GM+JE Walker Pty Ltd T/A Gateway Regional Property Services v Shirley Gunningham(C2014/4543)  FWC 4335. Gregory, C
Tis “redundancy” matter the employer made application to the FWC, seeking to avoid paying redundancy pay. The matter had already been investigated by the Fair Work Ombudsman in the redundant employee’s favour.
The company claimed it is currently insolvent and in danger of financial collapse due to the current highly competitive trading conditions within the cleaning industry. This has resulted in a material contraction of the Applicant’s business (with the loss of a dozen contracts in the last 12 months) with the reduction in the viability. With the Applicant’s bank facility being fully drawn the Applicant is now only able to continue trading with the added support of its family backers.
In finding against the company, the Commissioner stated “the amount involved, given Ms Gunningham only worked part time on the relatively low hourly pay rates contained in the Award, is not an excessive amount…equates to an entitlement equivalent to 8 weeks pay.”
The Commissioner commented:
“It is also clear that Employers generally have obligations under Awards and Agreements which are to be observed and complied with. I also accept they may take issue with the rationale for why some of those obligations exist, as Mr Walker has done in the present matter, but these are issues for another time.

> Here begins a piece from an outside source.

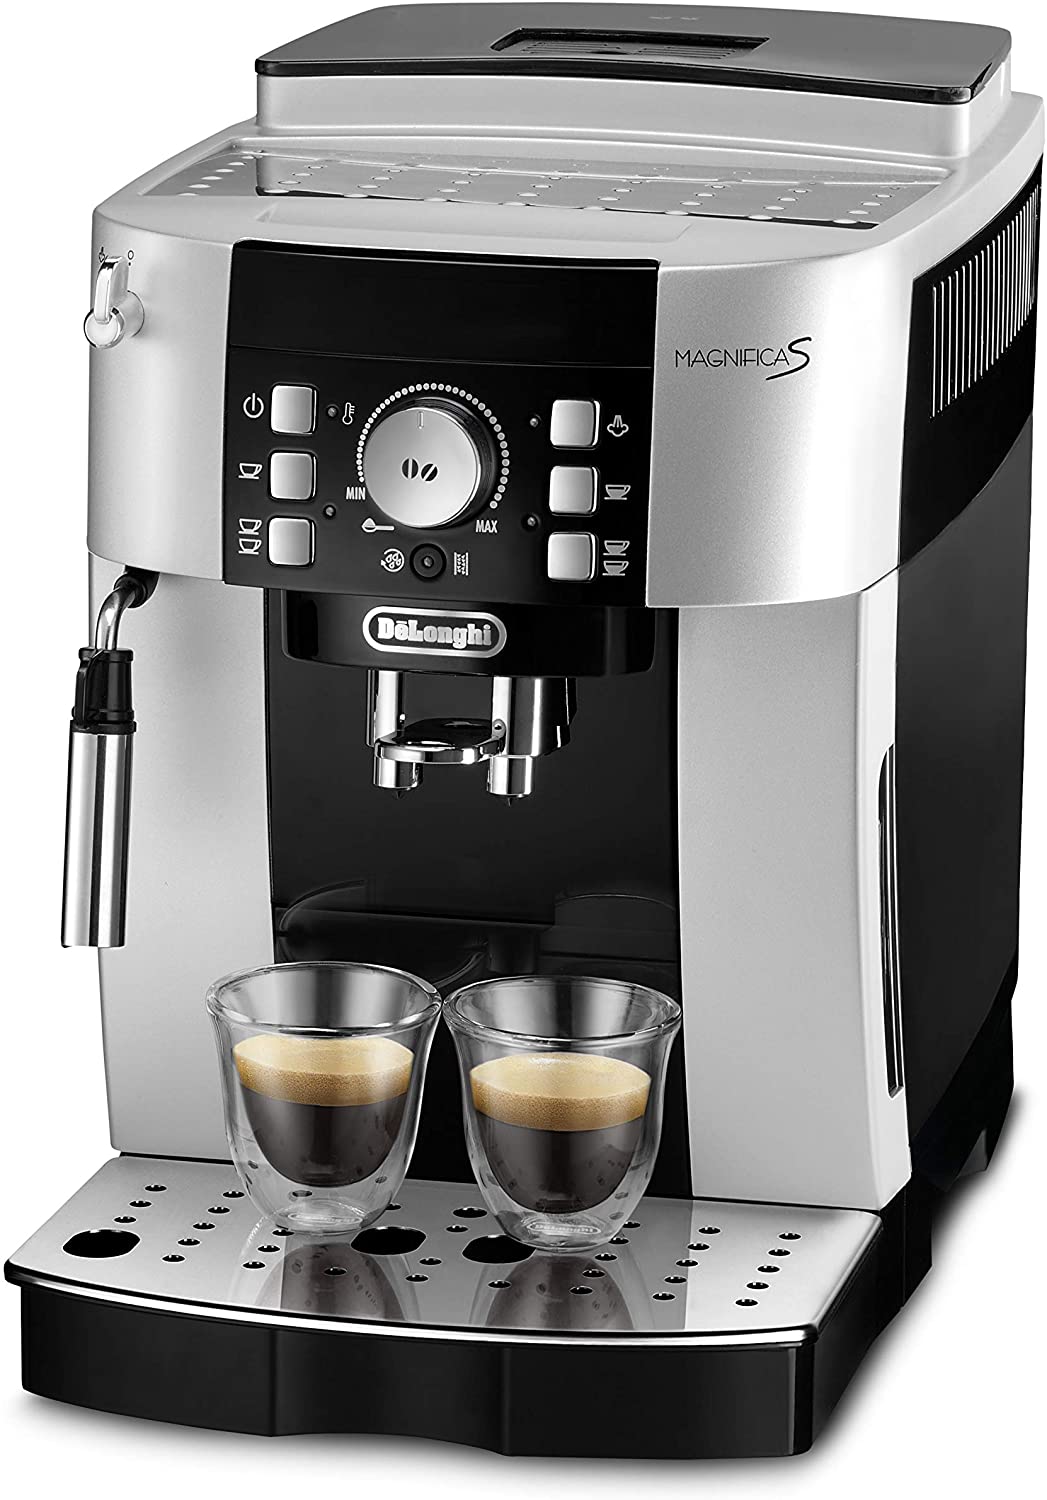 De’Longhi DeLonghi ECAM 21.116.B Coffee Machine Magnifica S (steam nozzle), Coffee machine

For the time being they continue to be part of the costs of “doing business. (My emphasis)”.
The first case was a simple transfer of business proposition, with the employee obviously looking to sweeten the pie with a bit of redundancy payout. The employer called her bluff and won, because it had followed all the rules required of it under the FWA.
The second case found that the FWC had little sympathy for a company that did not account for redundancy pays for lost contracts. It is very hard for businesses when tendering for work to factor all matters, but clearly contingencies ought to have been made for the workers.